Well, this means the cube must be moving, with respect to the blue portal, as it emerges. (This is a fact which is not up for debate because we know that it does, in fact, emerge.) More specifically, at this time, the cube is emerging from the blue portal at the same relative speed with which it entered the orange portal. That is, the cube is moving with respect to the blue portal at the very same speed at which the orange portal moves with respect to the cube. In other words, the cube must emerge from the blue portal at exactly the orange portal's falling speed. Consider the implications. If it's moving as it emerges from the blue portal, what could possibly cause it to stop once it has completely emerged? Unless some force acts on it, the cube should continue at the same speed. Therefore, choice B should be correct.

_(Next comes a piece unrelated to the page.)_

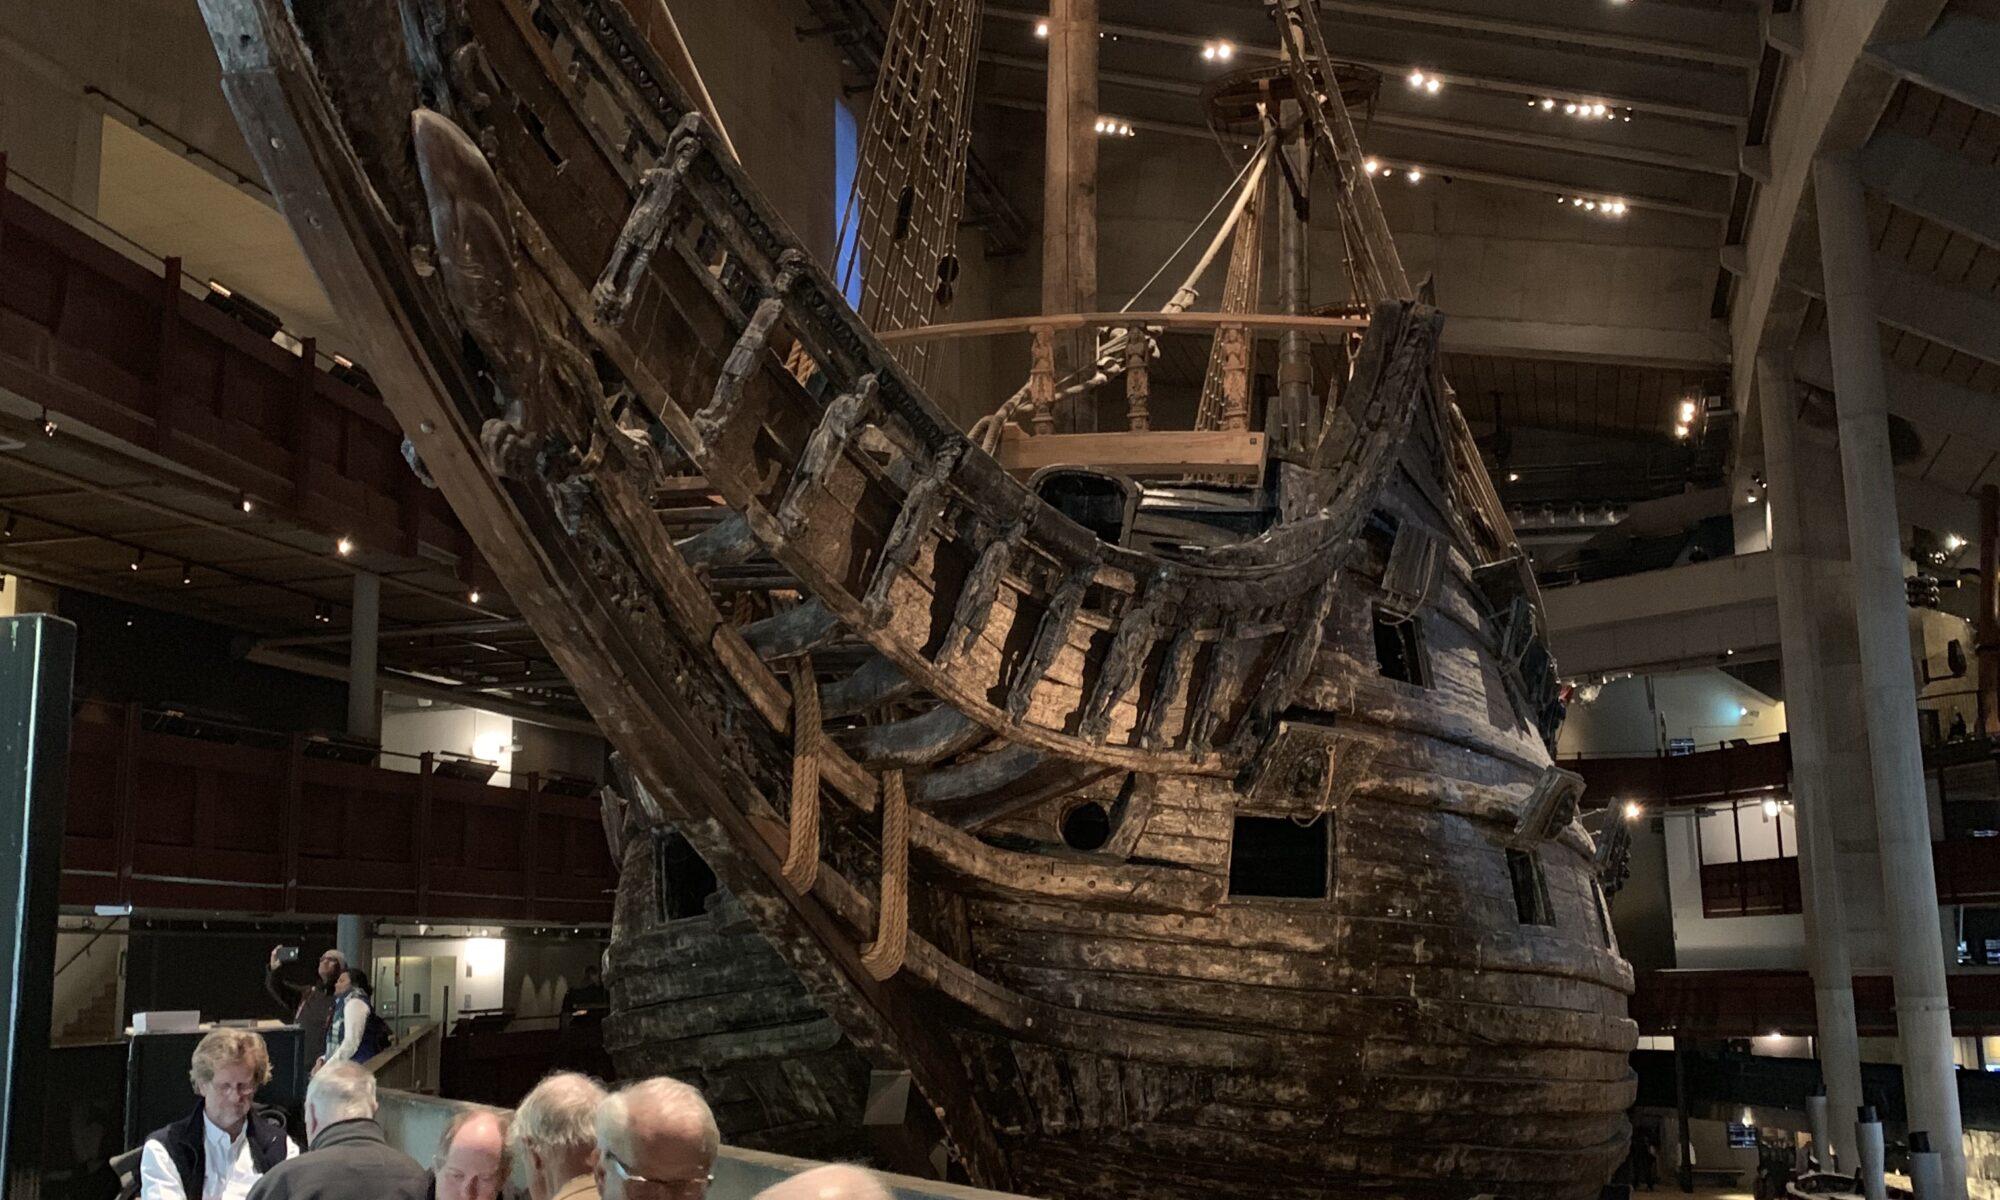 Vasa Museum: visit to Sweden
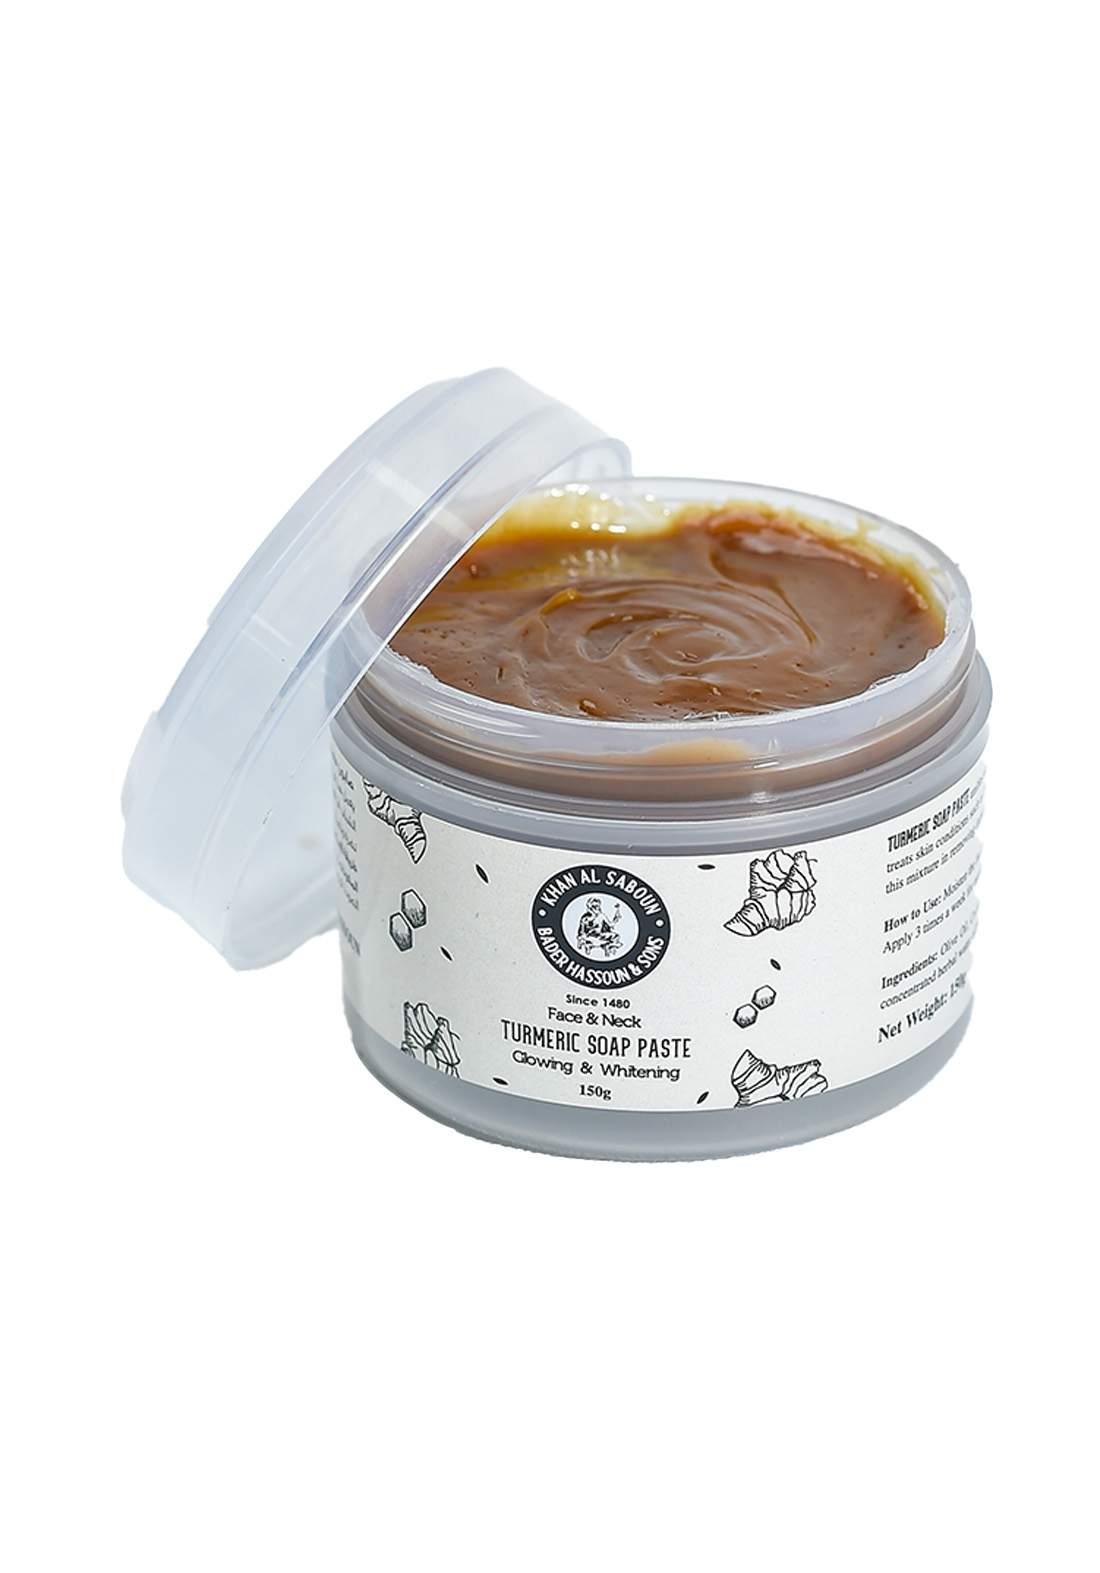 Khan Alsaboun Turmeric Soap Paste 150 g صابون معجون الكركم

From this perspective, things get weird when you consider what would happen if the orange portal falls just far enough that half of the cube has passed through, and then abruptly stops. Then, relative to its surroundings, half of the cube is still stationary on the orange side (no momentum) while the half of the cube on the blue side must have some momentum because it was just moving out of the blue portal. I suppose that, depending on the strength of the cube, it might either emerge at half the expected speed or simply break in half. But I won't get into that. The scenario in question has been explained; by the time the orange portal slams into the platform and stops moving, the cube should have already passed completely through the portal, and a healthy dose of logical thinking will tell us that it should keep moving... that is, until gravity brings it back down to the floor.